Добавить в цитаты Настройки чтения

Страница 92 из 150

Только что собираясь войти в дом, она заметила Андреаса, шедшего по улице Гермеса, и немедленно приказала рабу позвать его. Вскоре он стоял рядом с нею и охотно изъявил готовность сопровождать ее к Диодору.

Но на этот раз Мелисса увидала, что в комнате больного есть и другие посетители. Там находились два врача, и она побледнела, узнав в одном из них римского медика императора.

Но уже было слишком поздно скрываться от него, и поэтому она поспешно направилась к жениху, стала нашептывать ему горячие слова любви, быстро рассказала, что члены ее семьи снова находятся на свободе, и, подавая ему розу, заклинала его, несмотря ни на какие могущие дойти до него слухи, верить в нее и в ее любовь.

Диодор уже вставал и находился на пути к полному выздоровлению.

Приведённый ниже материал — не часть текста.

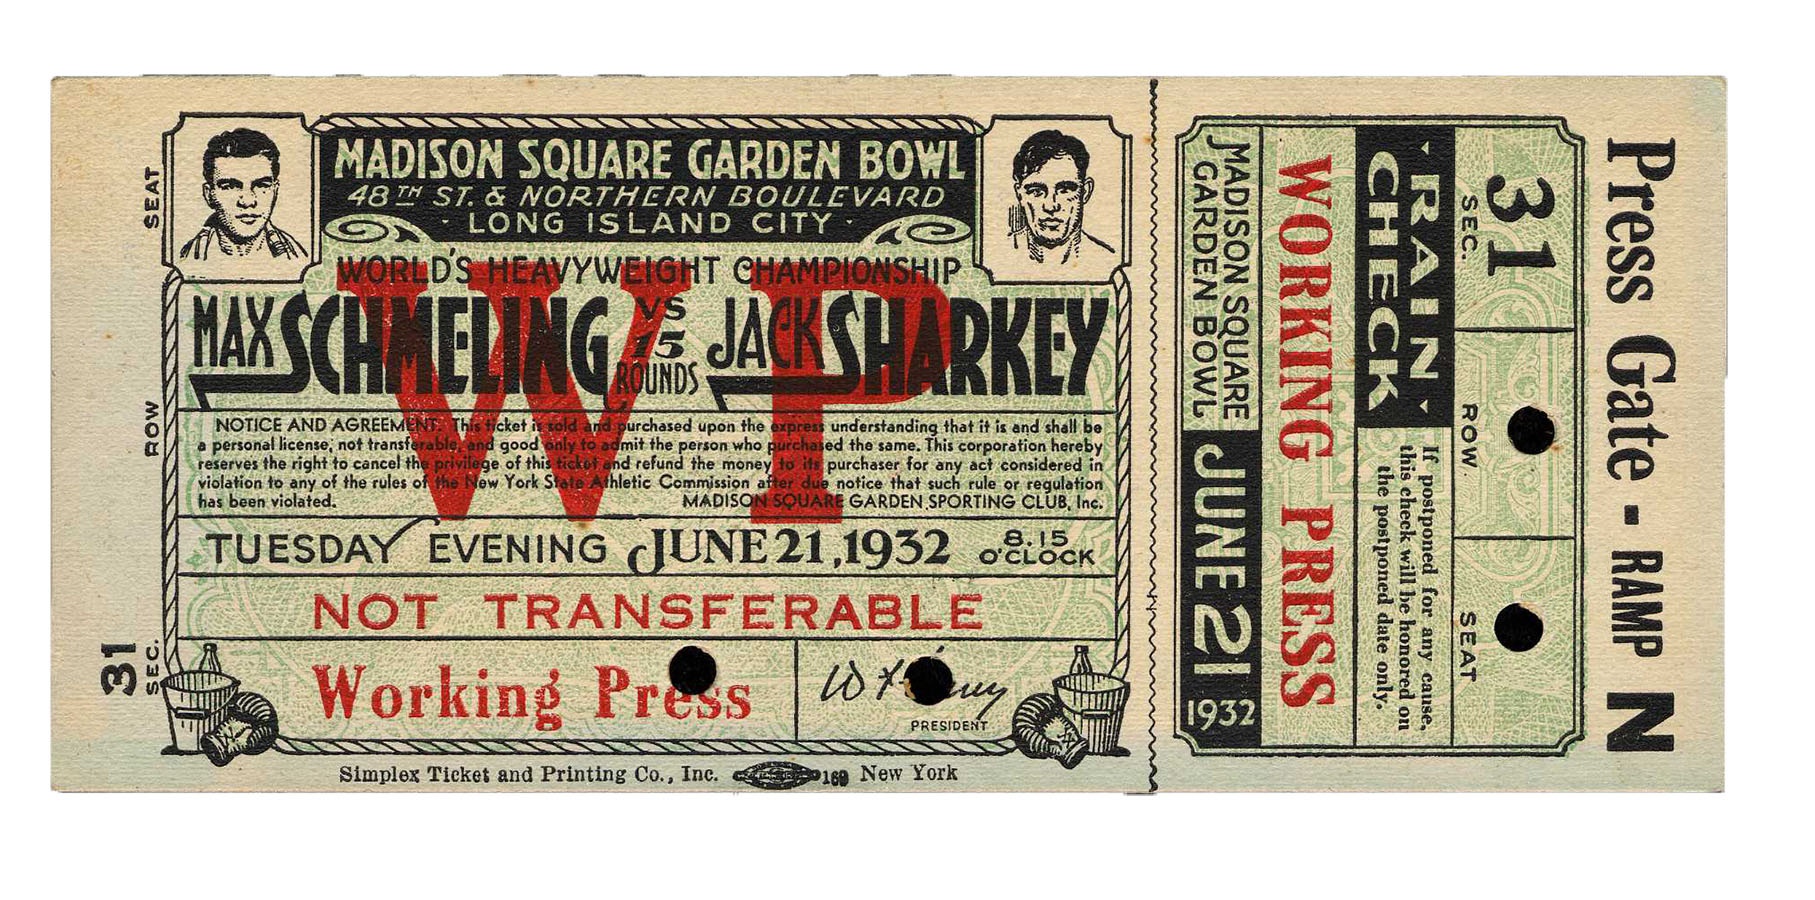 The Mark Mausner Boxing Collection - Schmeling-Sharkey Full Ticket (1932)

При появлении девушки лицо его просветлело, но, услыхав повторение старой, беспокоившей его просьбы, он пожелал узнать, что она хочет этим сказать. Но Мелисса, объявив, что она уже и так опоздала, указала на Андреаса и Эвриалу, говоря, что они сообщат ему, что именно с ней случилось и что отравляет ей каждую счастливую минуту. Наконец, считая, что за ними не наблюдает никто из присутствующих, она запечатлела поцелуй на его губах. Он же не пускал ее, а со страстною нежностью требовал того, на что имел право в качестве жениха, пока она не увернулась от него и не выскользнула из комнаты.

На пороге она услыхала громкий хохот и веселые, громкие слова. Тот, кто произносил их, был не Диодор, а когда девушка, поджидая Андреаса, принялась следить за начавшимся в комнате разговором, она ясно расслышала, как врач императора – никто другой не говорил по-гречески таким странно певучим языком – весело воскликнул:

– Клянусь собакой, юноша, тебе можно позавидовать! Красавица, за которой гонится, прихрамывая, мой высокий повелитель, без зова мчится в твои объятия.

Тут снова поднялся громкий смех, но на этот раз он был прерван негодующим вопросом Диодора, что это значит.

Наконец Мелисса услыхала, как глубокий голос Андреаса обещал юноше немного погодя рассказать ему все и как христианин успокаивал выздоравливавшего, нетерпеливо требовавшего объяснения, и затем попросил врача уделить ему несколько минут, чтобы больной мог выслушать его.

Теперь спокойствие за дверью было в течение некоторого времени нарушаемо только гневными требованиями и жалобами Диодора и успокоительными восклицаниями отпущенника. Мелиссу тянуло назад к жениху, чтобы самой рассказать, что она принуждена была делать в последние дни; но девическая стыдливость заставила ее воздержаться от этого, пока Андреас не вышел к ней.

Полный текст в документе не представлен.